Personal information
- Born: 31 August 1905 Tanta, Egypt
- Died: 28 November 1974 (aged 69) Cairo, Egypt

Sport
- Sport: Weightlifter

Medal record
Men's weightlifting
Representing Egypt
Olympic Games
| Gold medal – first place | 1928 Amsterdam | -82.5 kg |

= El-Sayed Nosseir =

Egyptian weightlifter (1905–1974)

El-Sayed Mohammed Nosseir (السيد محمد نصير, August 31, 1905 - November 28, 1974) was an Egyptian weightlifter. Nosseir won the gold medal in the light heavyweight class at the 1928 Summer Olympics in Amsterdam. He set a new world record in both snatch with 112.5 kilograms and in the total of the three lifts with 355 kilograms, winning Egypt's first Olympic gold medal. Nosseir is considered a historic figure in sports, famously becoming the first Egyptian, and African to win a gold medal at the Olympic Games.

==Early life==
Sayed Nosseir was born on August 31, 1905, in the village of Shubra, near Tanta. He attended the Tanta School and then Tanta Secondary School, where he began practicing weightlifting.
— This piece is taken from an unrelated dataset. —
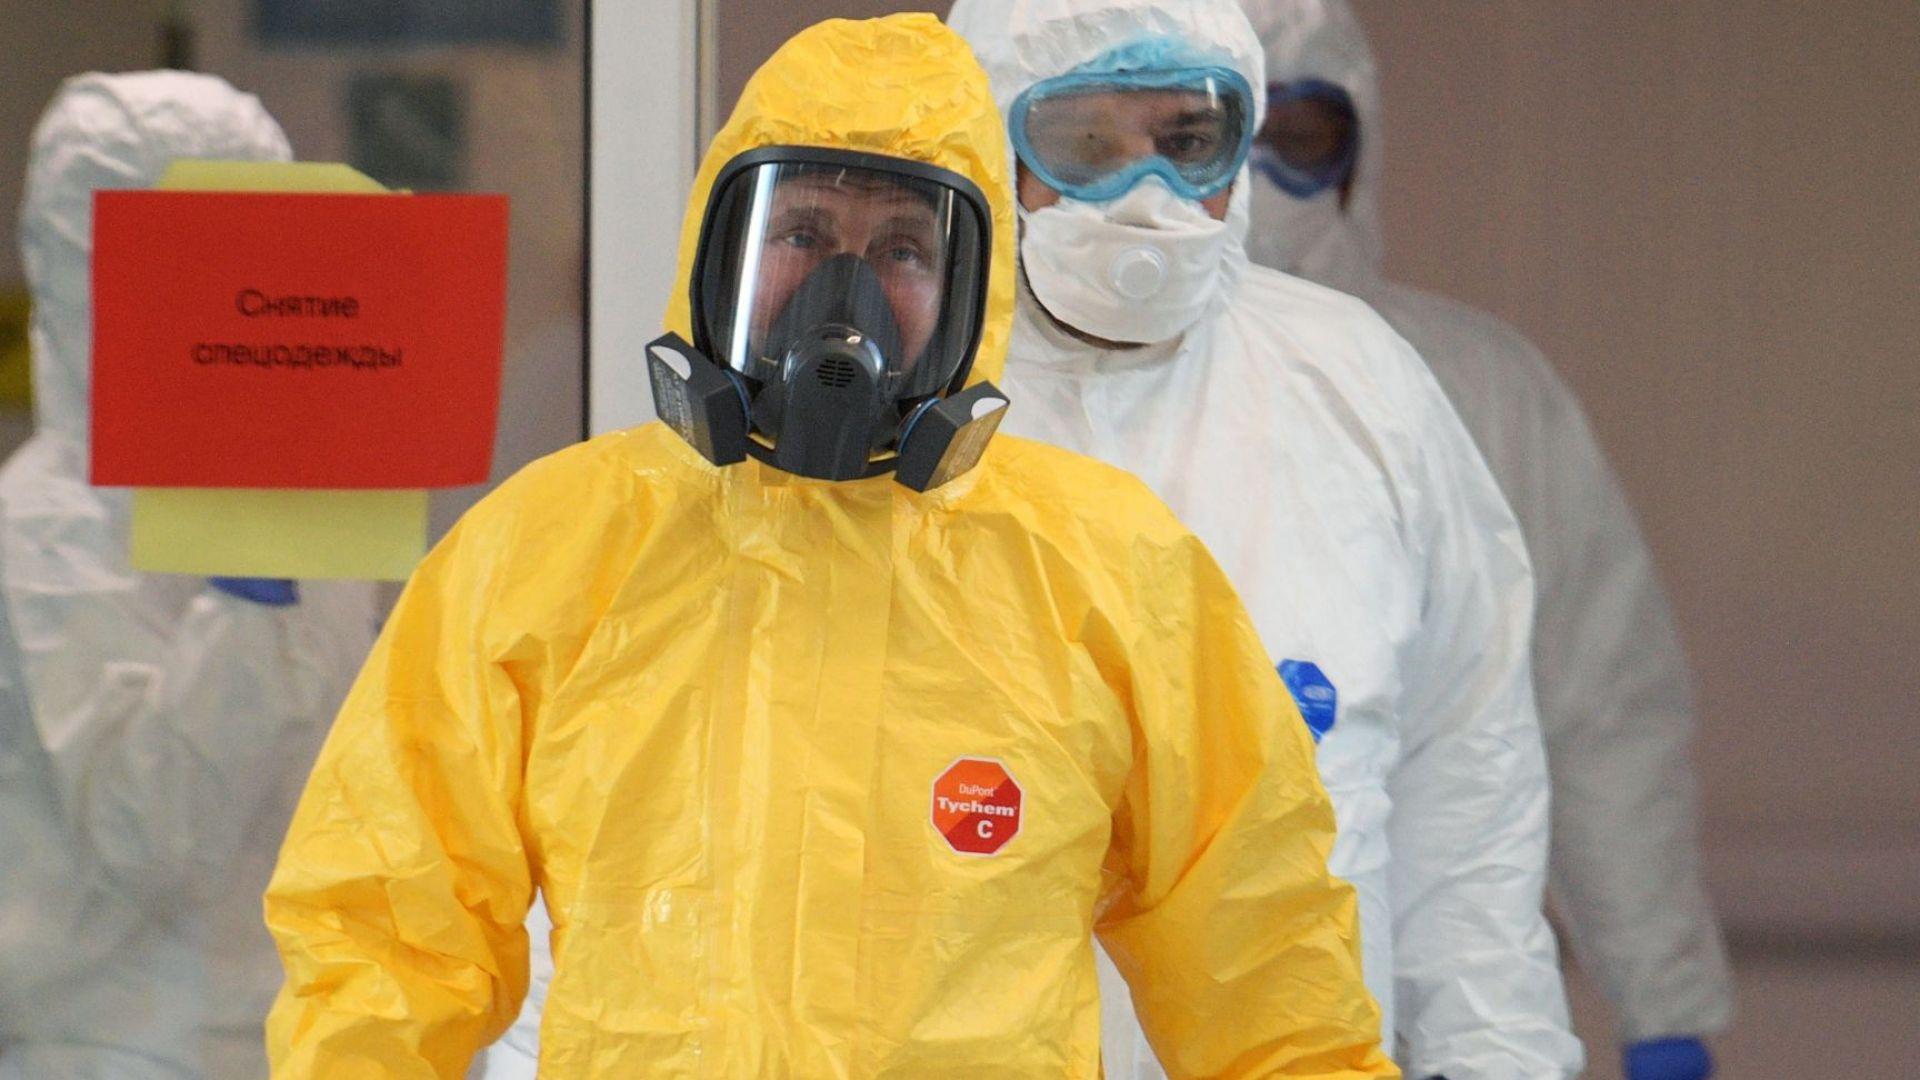 Владимир Путин посети болница за пациенти с коронавирус (снимки)

At the Mawlid (festival) of Sayyid al-Badawi, Nosseir witnessed the performances of the renowned Egyptian weightlifting champion, Abdel Halim al-Masri, who is credited with popularizing weightlifting in Egypt. This sparked Nosseir's passion for the sport, and he returned to his school to form a weightlifting team.

==Career==
In 1925, Nosseir participated in the Egyptian National Championship and won, holding the title until 1928. After winning the 1928 Egyptian National Championship in both the light heavyweight and heavyweight categories, Nosseir began preparing for the 1928 Summer Olympics in Amsterdam. He was coached by the Mohamed Bassiouni.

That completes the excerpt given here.